While claiming that rate limits are meant to address issues of ‘data scraping and system manipulation,’ I have my doubts about the validity of this claim. Twitter, being one of the world’s largest social media platforms, already has a stringent policy in place to combat data scraping (refer to: developer terms and policy). They have been actively fighting against data scraping and system manipulation for over a decade. It is well-known that websites have the ability to block users’ IP addresses as a preventive measure against data scraping. While the concern regarding data scraping has grown with the emergence of large language models (LLMs) that require substantial training data, it doesn’t seem logical to impose rate limits on verified accounts. Verified accounts have already paid for the service and provided government-verified documentation, making the risk associated with these accounts quite low. As an experienced engineer, I believe that ‘data scraping and system manipulation’ are merely excuses. The actual reason behind the rate limits might be Twitter’s underlying data infrastructure not being scalable or the operational costs being too high.

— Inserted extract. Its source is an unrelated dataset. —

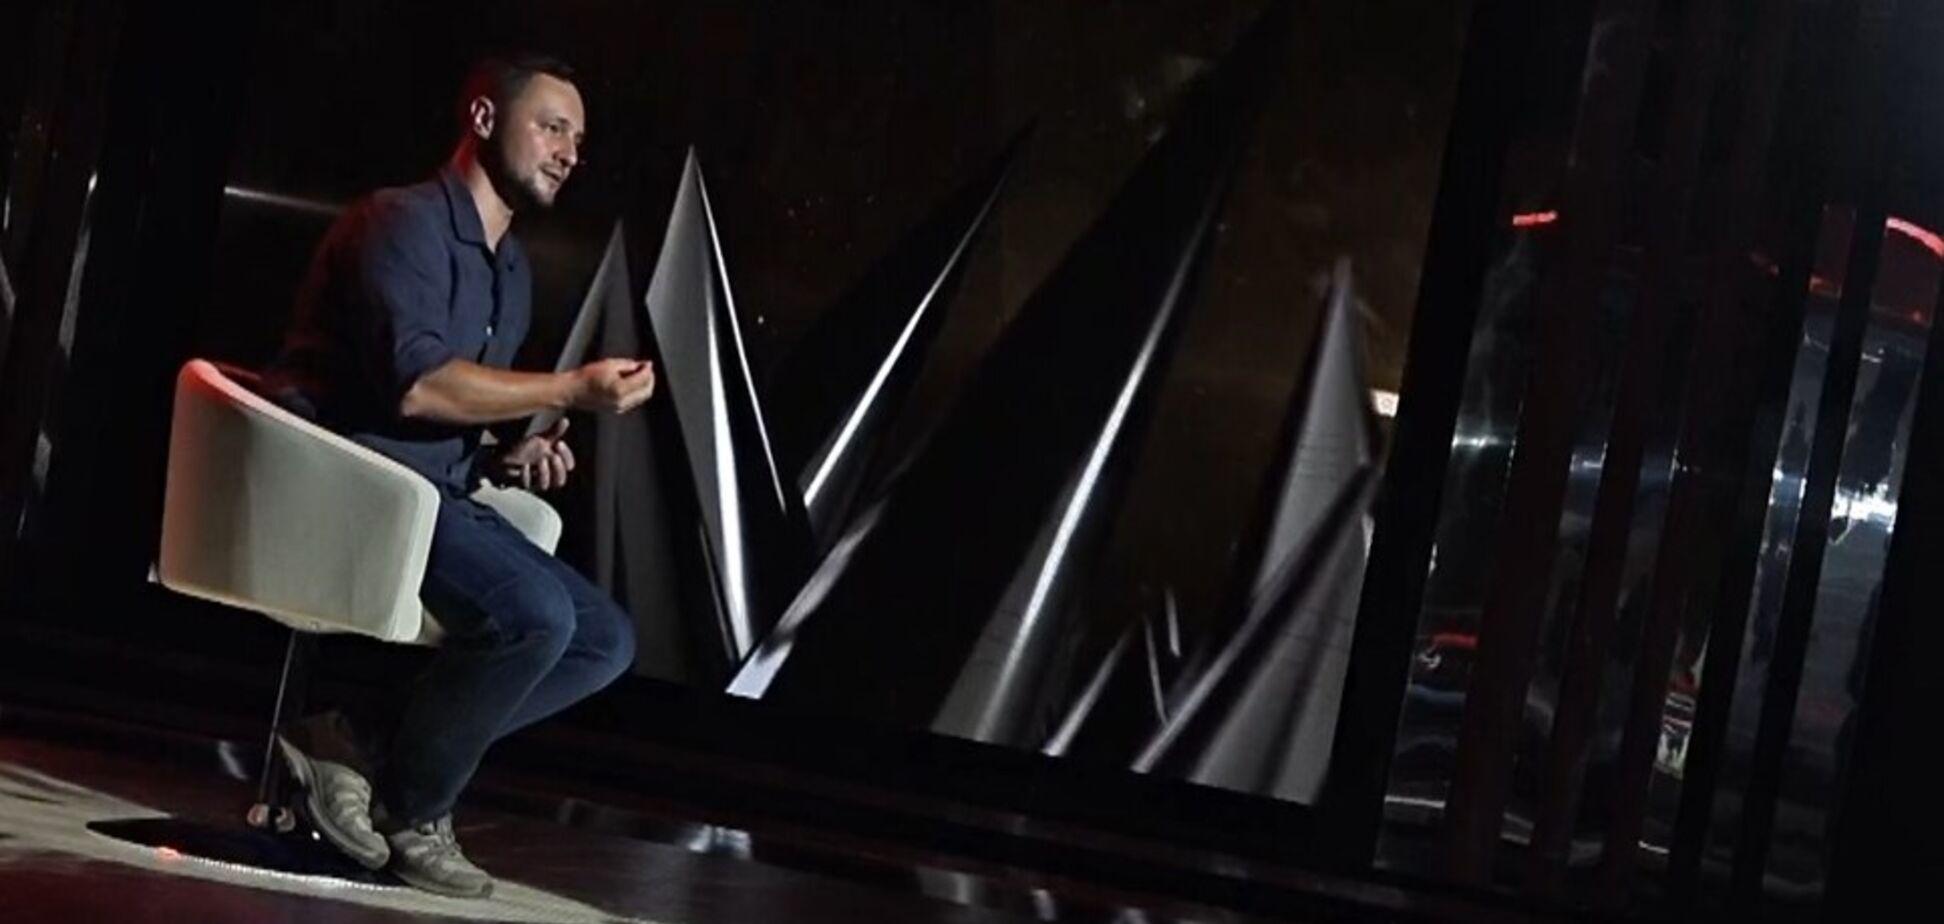 'Наших валят, отвечать нечем...' Озвучен сценарий 'слива' войны на Донбассе

Facts about Twitter and Its Underlying Data Infra

Let’s review some key events that have occurred since Elon Musk’s acquisition of Twitter on October 27, 2022:

  1. Twitter App Performance Issues: Elon Musk publicly acknowledged that Twitter was experiencing slow performance in many countries. He attributed this issue to the app executing over 1,000 poorly batched RPCs just to render a home timeline.
  2. Workforce Reduction: Twitter underwent a significant downsizing, resulting in the layoff of over 6,000 employees, which accounted for approximately 80% of the company’s staff.
  3. Introduction of Twitter Blue: Twitter launched a paid monthly subscription called “Twitter Blue.” Subscribers to Twitter Blue receive additional features, including a blue checkmark verification badge on their accounts.
  4. Enhanced Tweeting Capabilities: Twitter Blue users were granted extended tweeting capabilities, allowing them to compose tweets with up to 25,000 characters. Additionally, they gained the ability to upload longer videos, up to 2 hours in length at 1080p resolution.

Elon Musk admitted that Twitter app was badly implemented and can lead to poor user experiences.

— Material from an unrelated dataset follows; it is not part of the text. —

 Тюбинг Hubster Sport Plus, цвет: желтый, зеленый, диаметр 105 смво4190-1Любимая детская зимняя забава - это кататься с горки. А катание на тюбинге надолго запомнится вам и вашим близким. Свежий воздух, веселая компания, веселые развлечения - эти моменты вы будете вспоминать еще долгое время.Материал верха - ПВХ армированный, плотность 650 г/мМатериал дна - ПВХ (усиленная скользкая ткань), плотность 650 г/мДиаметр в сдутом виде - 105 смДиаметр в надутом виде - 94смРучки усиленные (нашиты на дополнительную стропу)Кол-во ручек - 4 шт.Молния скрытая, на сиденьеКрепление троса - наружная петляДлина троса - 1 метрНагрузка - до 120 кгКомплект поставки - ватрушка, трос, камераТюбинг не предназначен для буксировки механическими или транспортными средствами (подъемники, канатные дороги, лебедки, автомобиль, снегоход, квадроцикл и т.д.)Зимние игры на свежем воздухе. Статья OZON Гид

Okay, then what about Twitter’s data infrastructure, the backbone supporting the world’s largest social media platform? Well, Twitter has started moving from its own data center to Google Cloud several years ago (according to this Twitter Engineering blog). They believed that moving from their own data center to GCP can help efficiently process billions of events in real time, ensuring a seamless experience for its massive user base.

Twitter migrated services from its own data center to Google Cloud.

By examining all these interconnected elements, one could reasonably infer that Elon Musk had confidence in the scalability and cost-effectiveness of GCP’s services, leading to the belief that massive layoffs of Twitter engineers wouldn’t significantly impact the platform, despite existing technical debts. Concurrently, Twitter continued to introduce new features in an attempt to monetize its existing user base. However, the reality turned out to be harsh: GCP’s services proved to be prohibitively expensive and unable to deliver the desired high scalability at a reasonably low cost!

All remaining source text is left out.